Starting with the first line below, extract each line through the one that contains "Baking pan full", inclusive, excluding pictures.

• Given data
^^^^^^^^

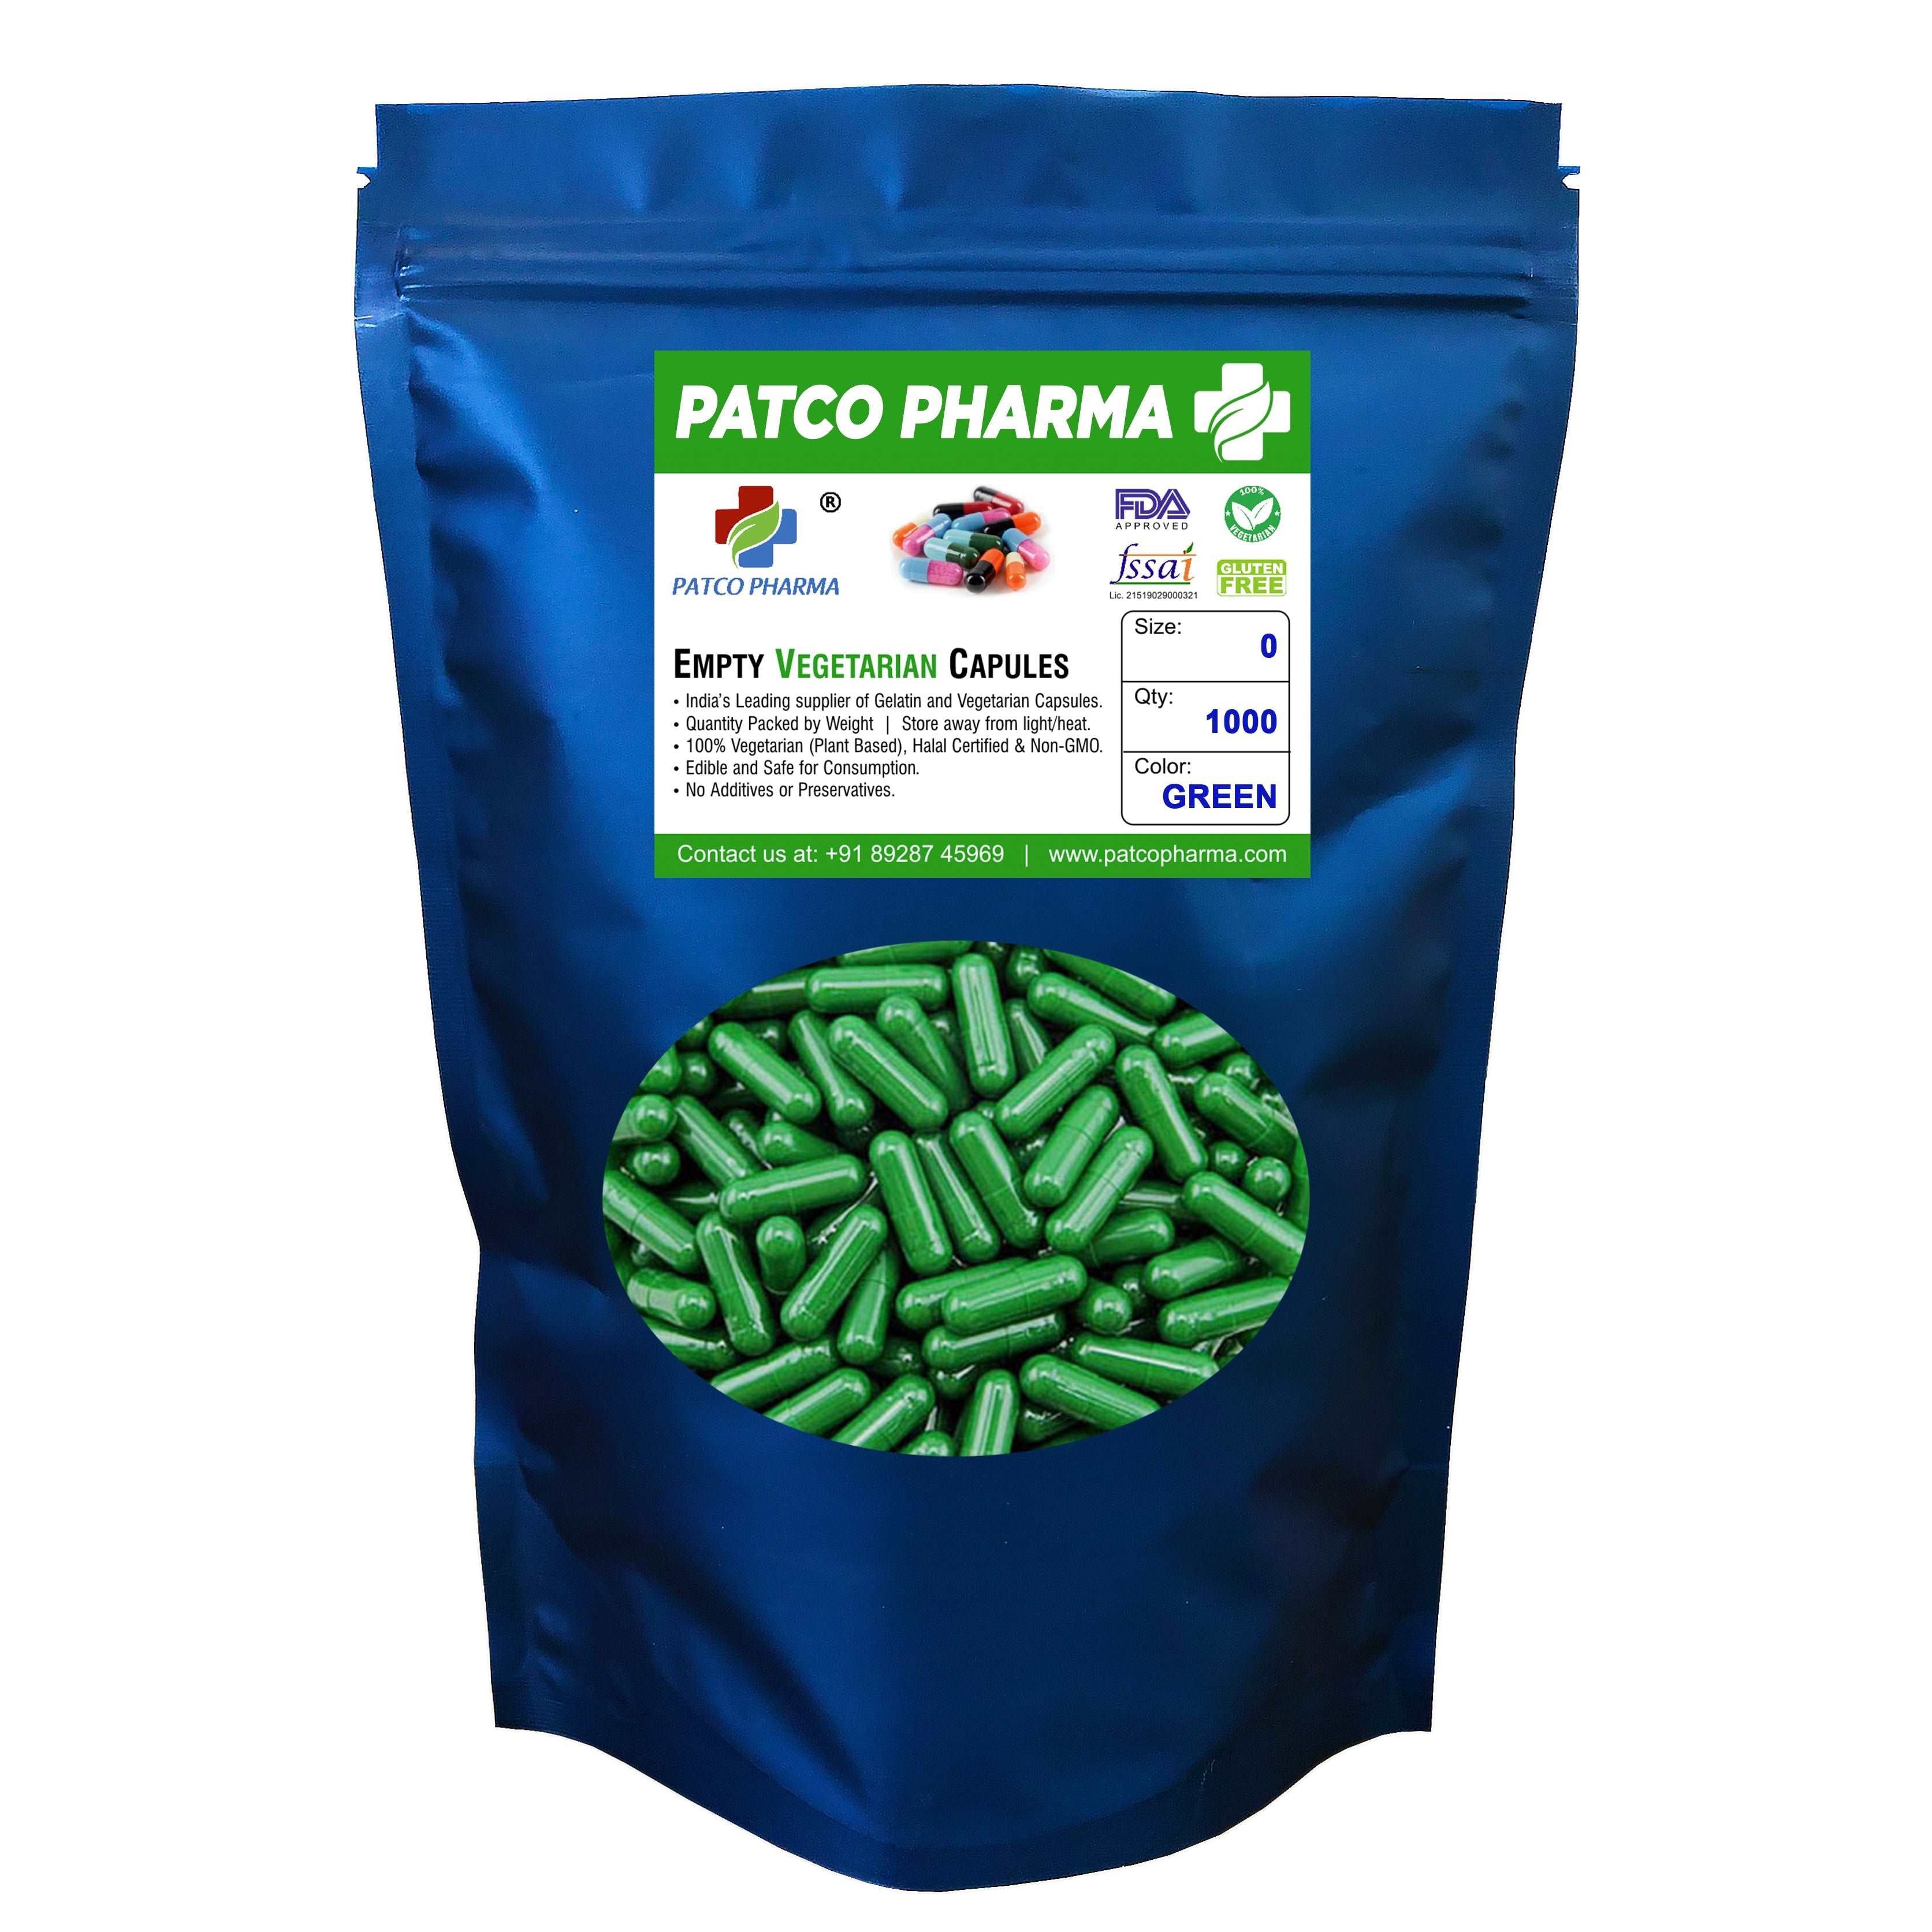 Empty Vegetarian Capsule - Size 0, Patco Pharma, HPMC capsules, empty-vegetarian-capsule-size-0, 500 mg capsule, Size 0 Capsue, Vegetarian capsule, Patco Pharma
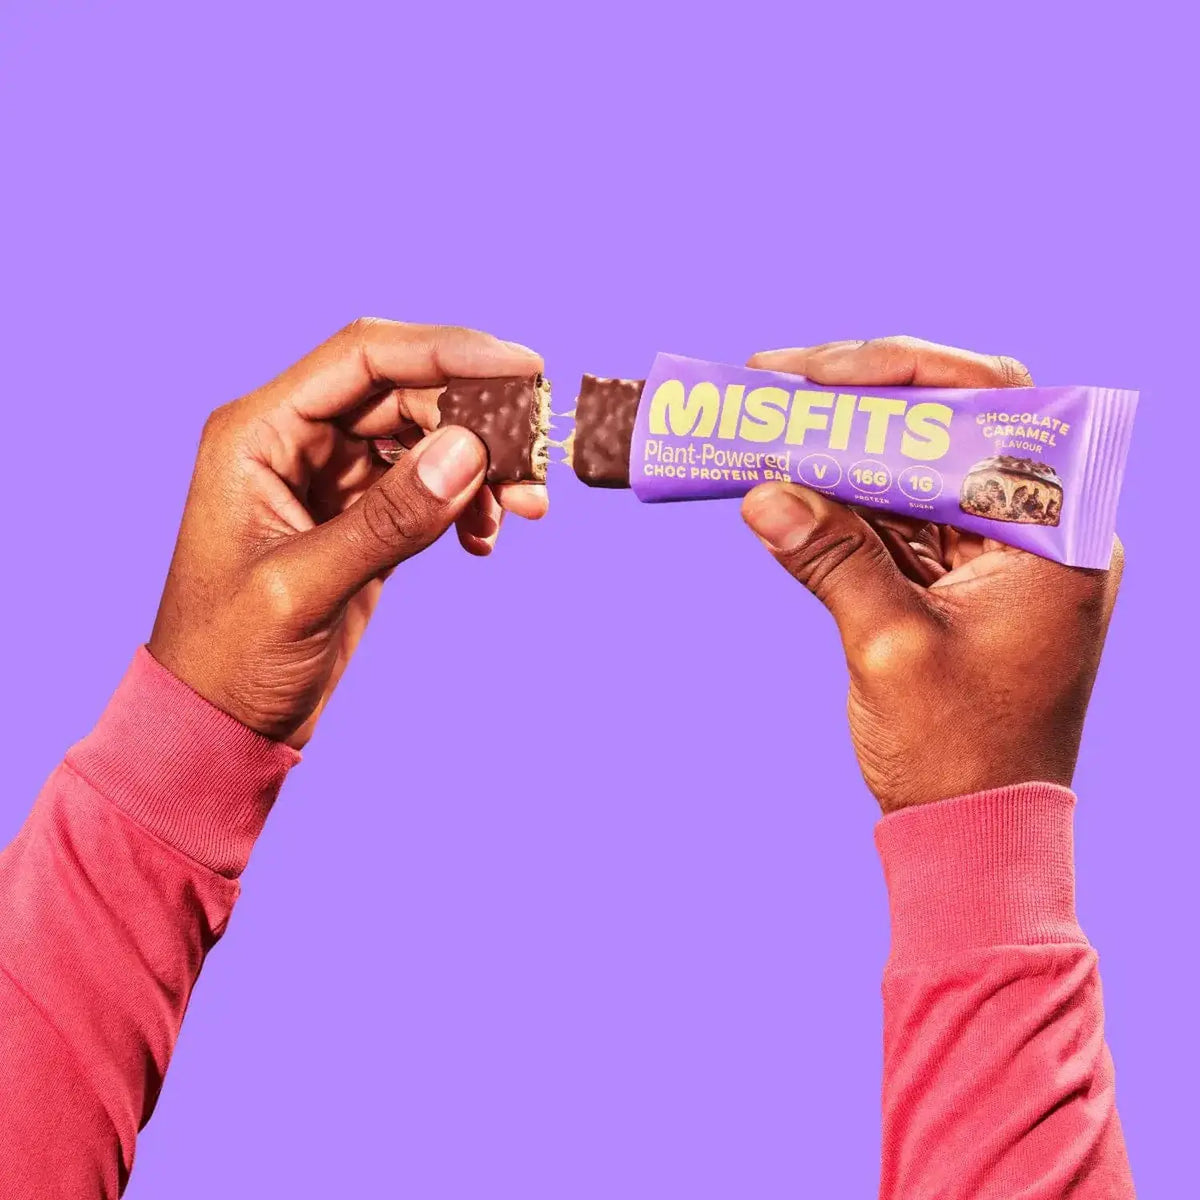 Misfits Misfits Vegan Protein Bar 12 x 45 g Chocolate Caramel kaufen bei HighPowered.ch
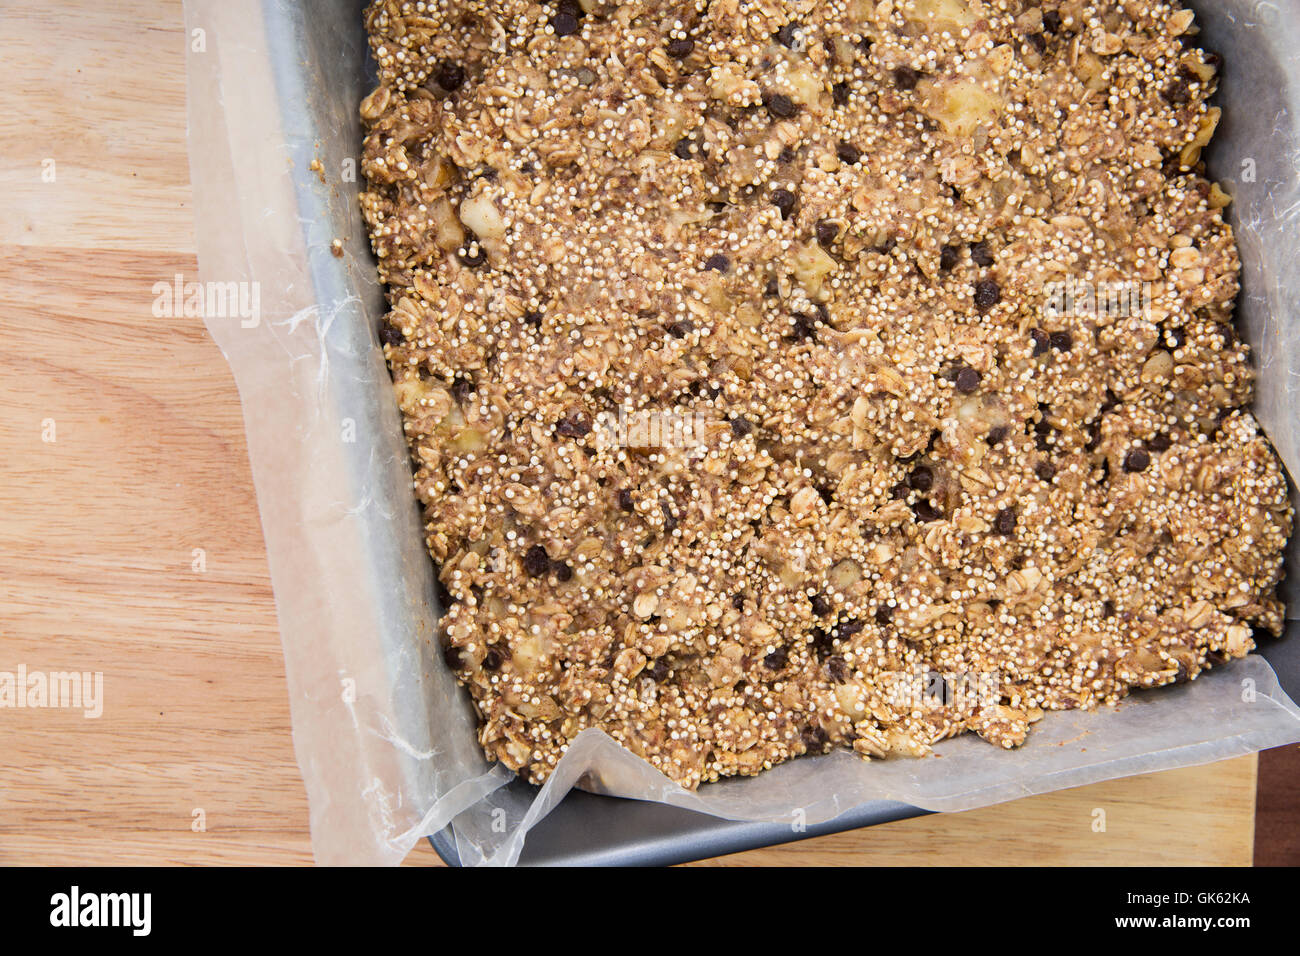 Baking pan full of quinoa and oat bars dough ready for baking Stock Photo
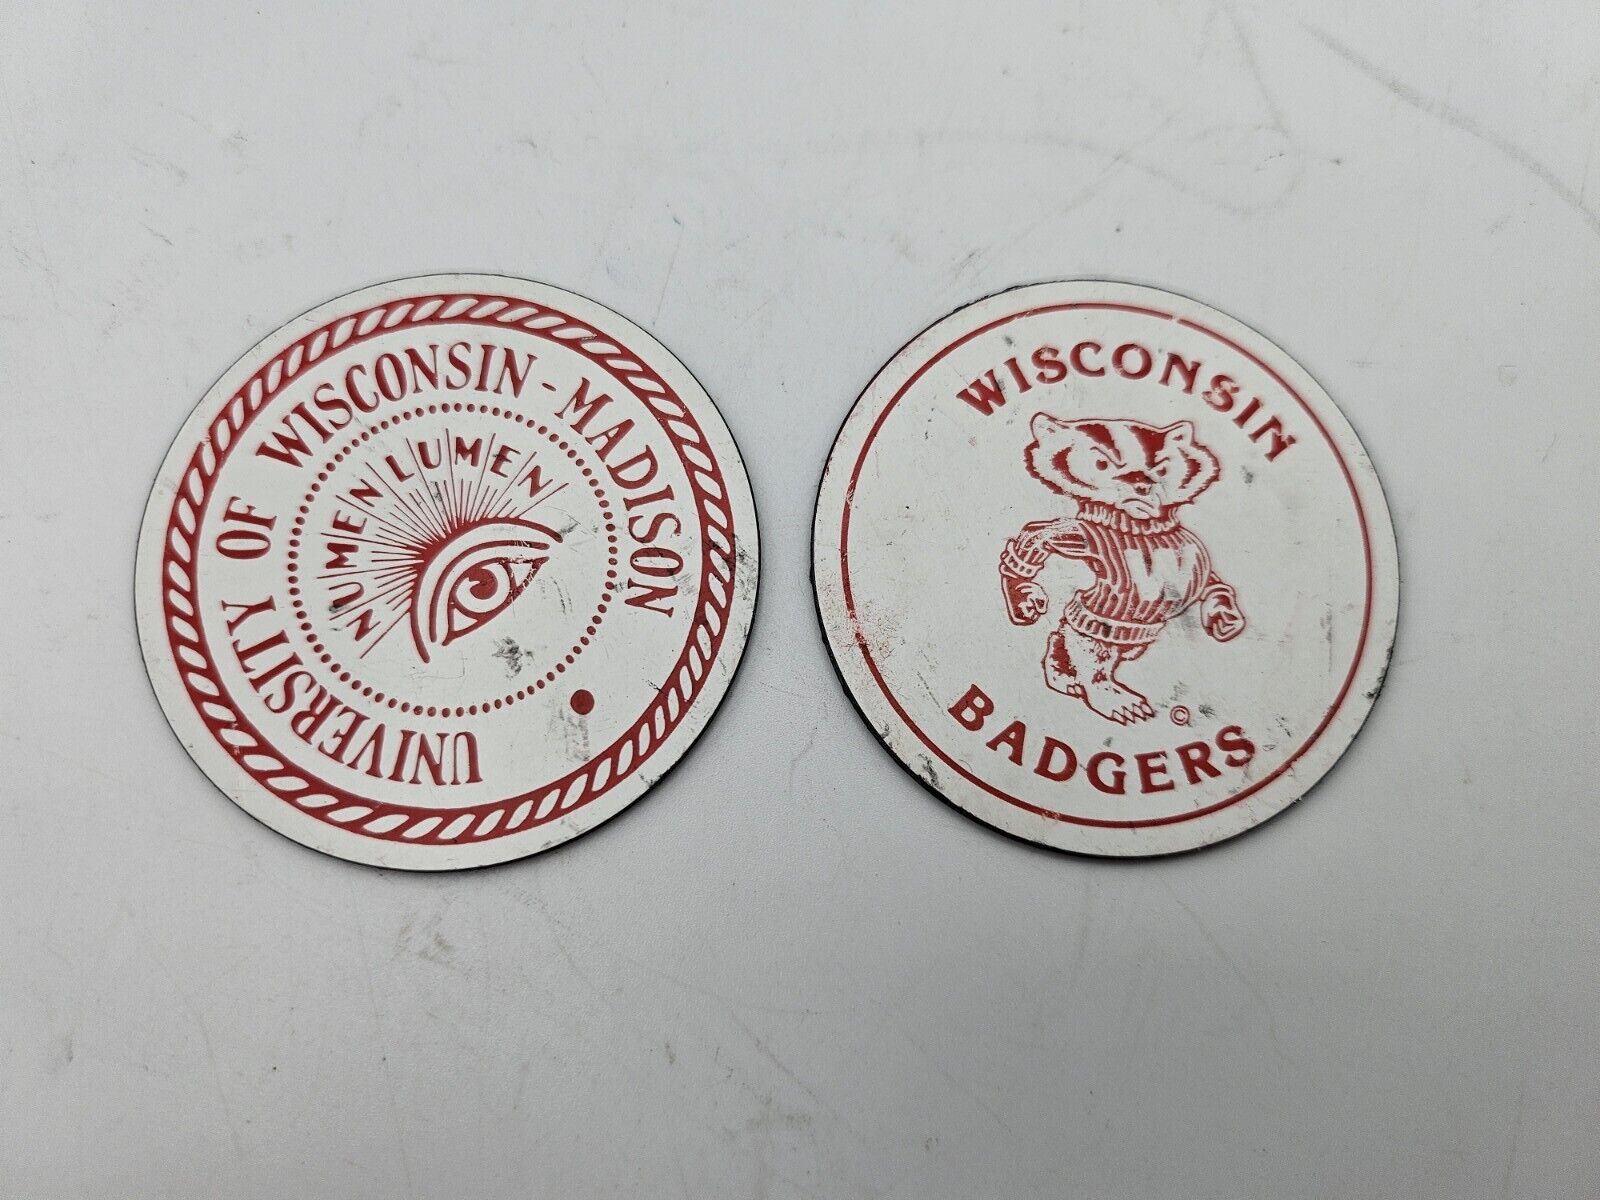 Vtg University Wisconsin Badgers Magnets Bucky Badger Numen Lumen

^^^^^^^^

• Written solution
 Empty Vegetarian Capsule - Size 0, Patco Pharma, HPMC capsules, empty-vegetarian-capsule-size-0, 500 mg capsule, Size 0 Capsue, Vegetarian capsule, Patco Pharma
 Misfits Misfits Vegan Protein Bar 12 x 45 g Chocolate Caramel kaufen bei HighPowered.ch
 Baking pan full of quinoa and oat bars dough ready for baking Stock Photo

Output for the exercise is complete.